EXERCISE OBJECTIVE
Please give back the lines from the line containing "Beautiful heavy serving" through the end of the listing below, exactly as written and without pictures.

INFORMATION SHOWN
* * *
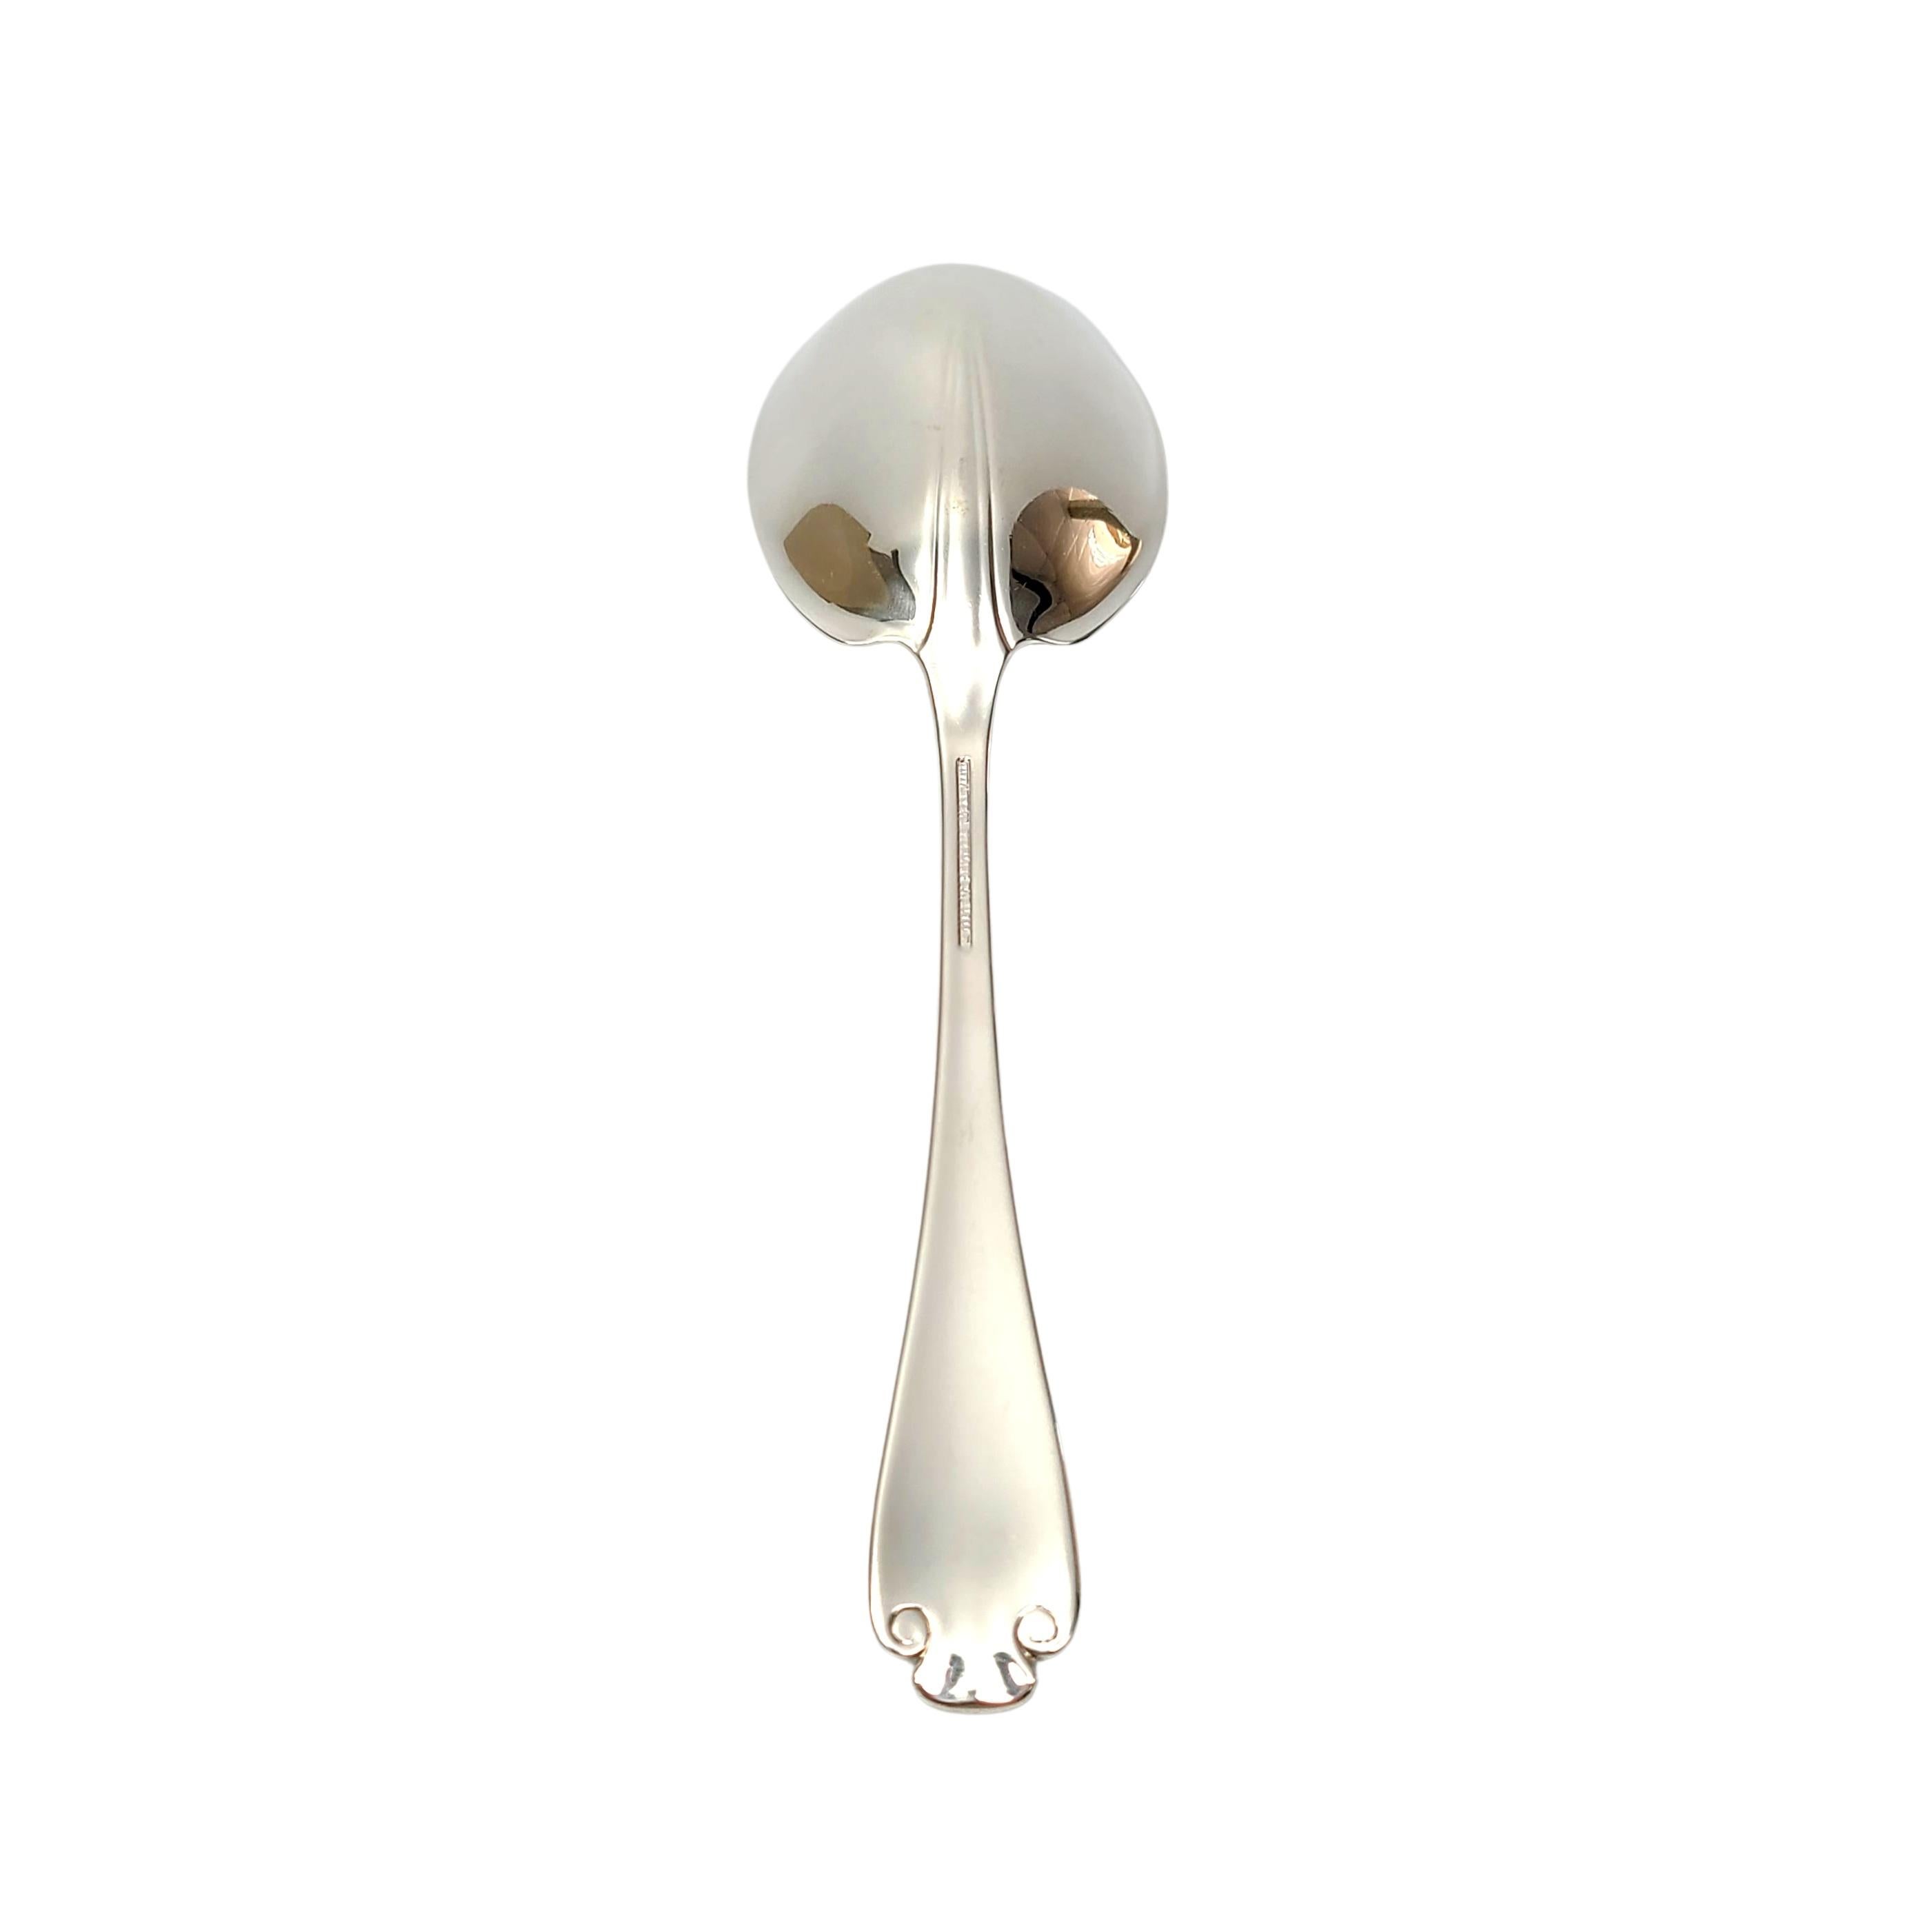 Sterling silver berry or casserole spoon by Tiffany & Co in the Flemish pattern.

Monogram appears to be EWM

Beautiful heavy serving spoon in the Flemish pattern, featuring a simple and elegant scroll design, making it a timeless classic that is
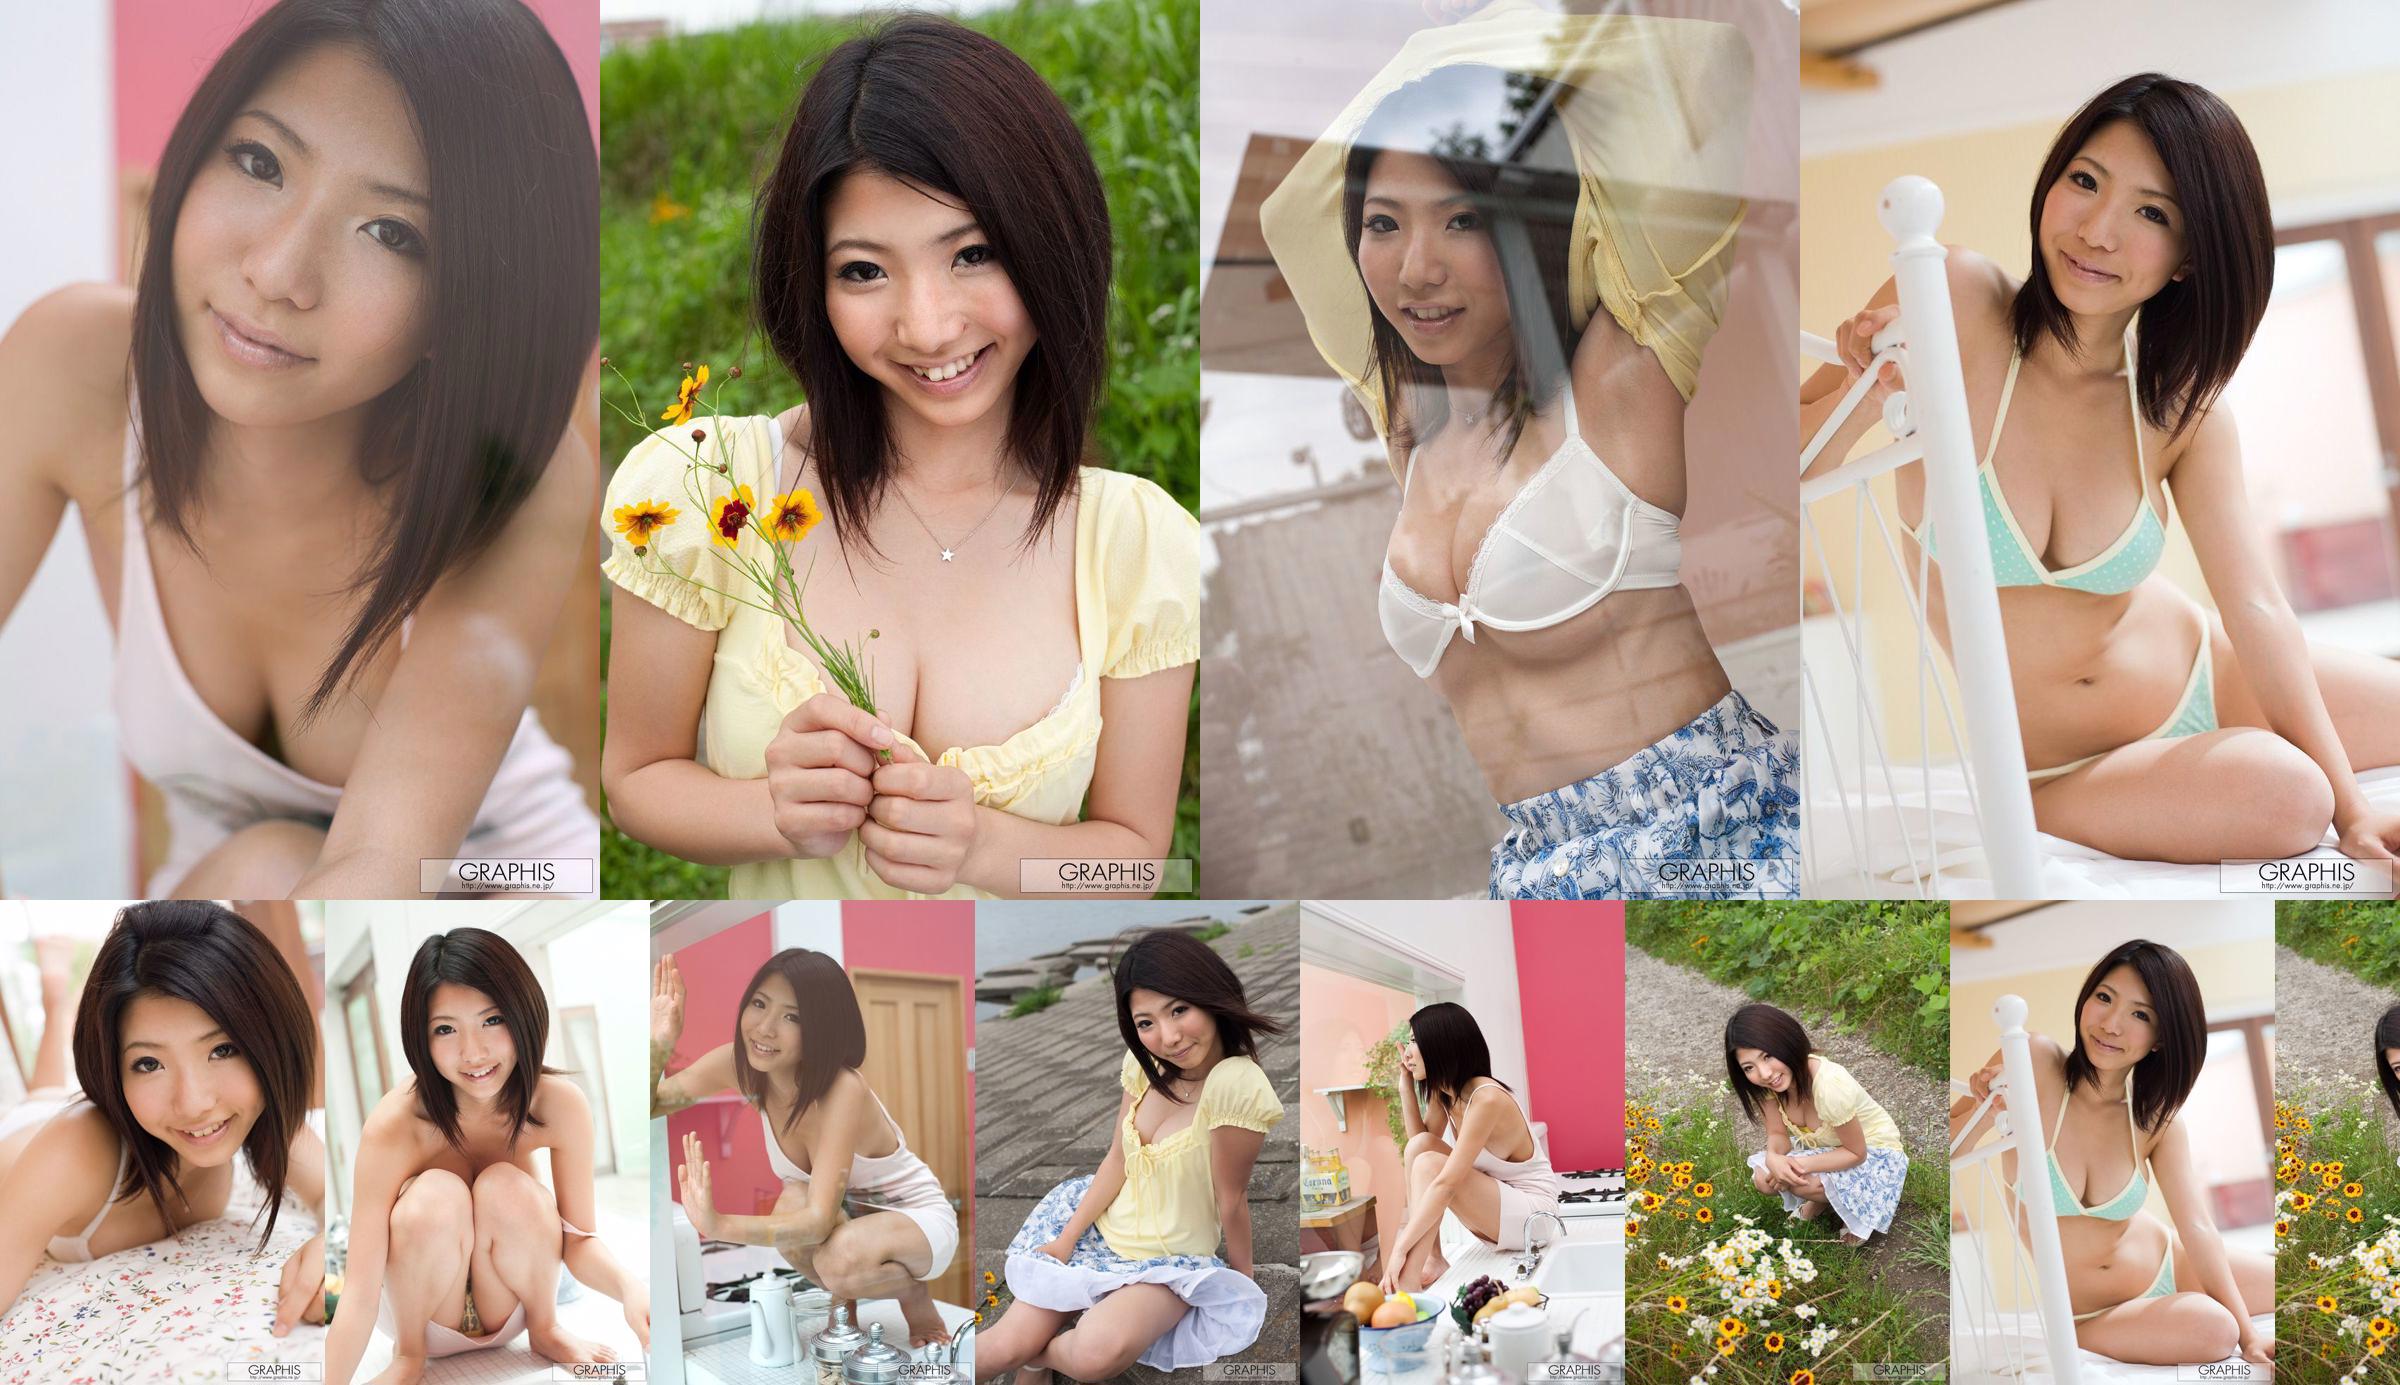 An Ann 《Simple and Innocent》 [Graphis] Gals No.21e83c Page 4
* * *
TASK RESPONSE
Beautiful heavy serving spoon in the Flemish pattern, featuring a simple and elegant scroll design, making it a timeless classic that is
 An Ann 《Simple and Innocent》 [Graphis] Gals No.21e83c Page 4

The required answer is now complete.